Um projeto de lei em análise na Câmara dos Deputados propõe endurecer as punições para motoristas flagrados dirigindo sob efeito de álcool no Brasil. A medida prevê aumento significativo das multas e ampliação do tempo de suspensão da Carteira Nacional de Habilitação (CNH), principalmente em casos de acidentes com vítimas.
O texto altera regras da Lei Seca e busca ampliar a responsabilização de condutores envolvidos em ocorrências graves no trânsito. Atualmente, a legislação já adota tolerância zero para o consumo de álcool ao volante, com multa multiplicada por dez em caso de infração.
De acordo com o Projeto de Lei 3.574/2024, apresentado pelo ex-deputado Gilvan Máximo, motoristas que se envolverem em acidentes com morte poderão ser penalizados com multa equivalente a até 100 vezes o valor de uma infração gravíssima, hoje fixada em R$ 293,47. Com isso, o total pode chegar a R$ 29.347. Além da penalidade financeira, o projeto prevê a suspensão do direito de dirigir por até dez anos.
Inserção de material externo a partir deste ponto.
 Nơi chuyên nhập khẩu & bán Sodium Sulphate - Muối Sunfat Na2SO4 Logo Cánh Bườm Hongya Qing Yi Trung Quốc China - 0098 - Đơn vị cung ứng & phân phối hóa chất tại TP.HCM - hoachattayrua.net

Nos casos em que o acidente resultar em invalidez permanente da vítima, a multa poderá chegar a R$ 14.673,50, correspondente a 50 vezes o valor base, com suspensão da CNH por até cinco anos. O texto também estabelece que o motorista responsável deverá arcar com despesas médicas e hospitalares, além de indenizações durante o período em que a vítima estiver impossibilitada de trabalhar.
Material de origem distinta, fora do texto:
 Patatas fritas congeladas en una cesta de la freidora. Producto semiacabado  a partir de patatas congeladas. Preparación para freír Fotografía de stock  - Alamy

Outro ponto previsto é o agravamento das punições em caso de reincidência. Se o condutor voltar a dirigir alcoolizado após já ter sido penalizado, a multa poderá ser aplicada em dobro, e o prazo de suspensão da CNH será reiniciado.
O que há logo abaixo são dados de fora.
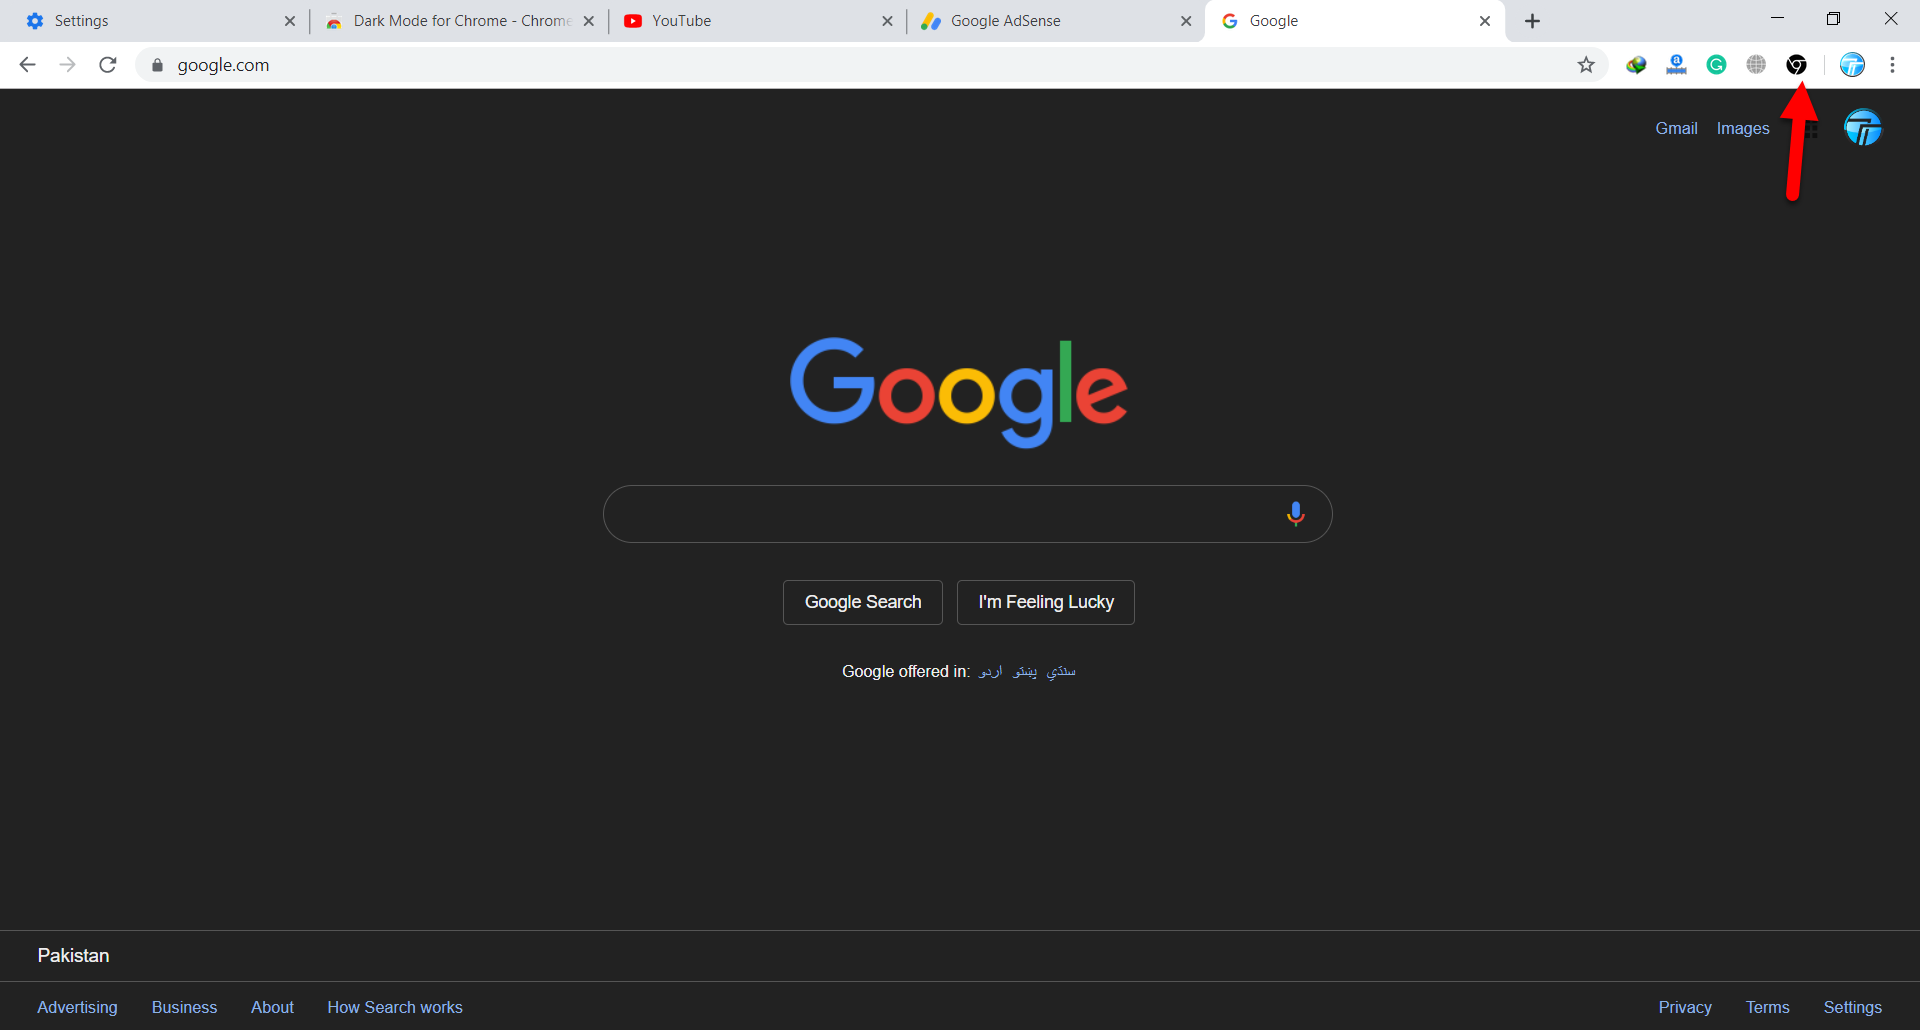 how to dark mode google chrome

A proposta aguarda análise na Comissão de Viação e Transportes da Câmara dos Deputados, sob relatoria do deputado Marcos Tavares. Há possibilidade de o texto ser incorporado a uma proposta mais ampla de reforma do Código de Trânsito Brasileiro, o que pode acelerar sua tramitação. Caso seja aprovado nas comissões e no plenário, o projeto seguirá para o Senado antes de entrar em vigor.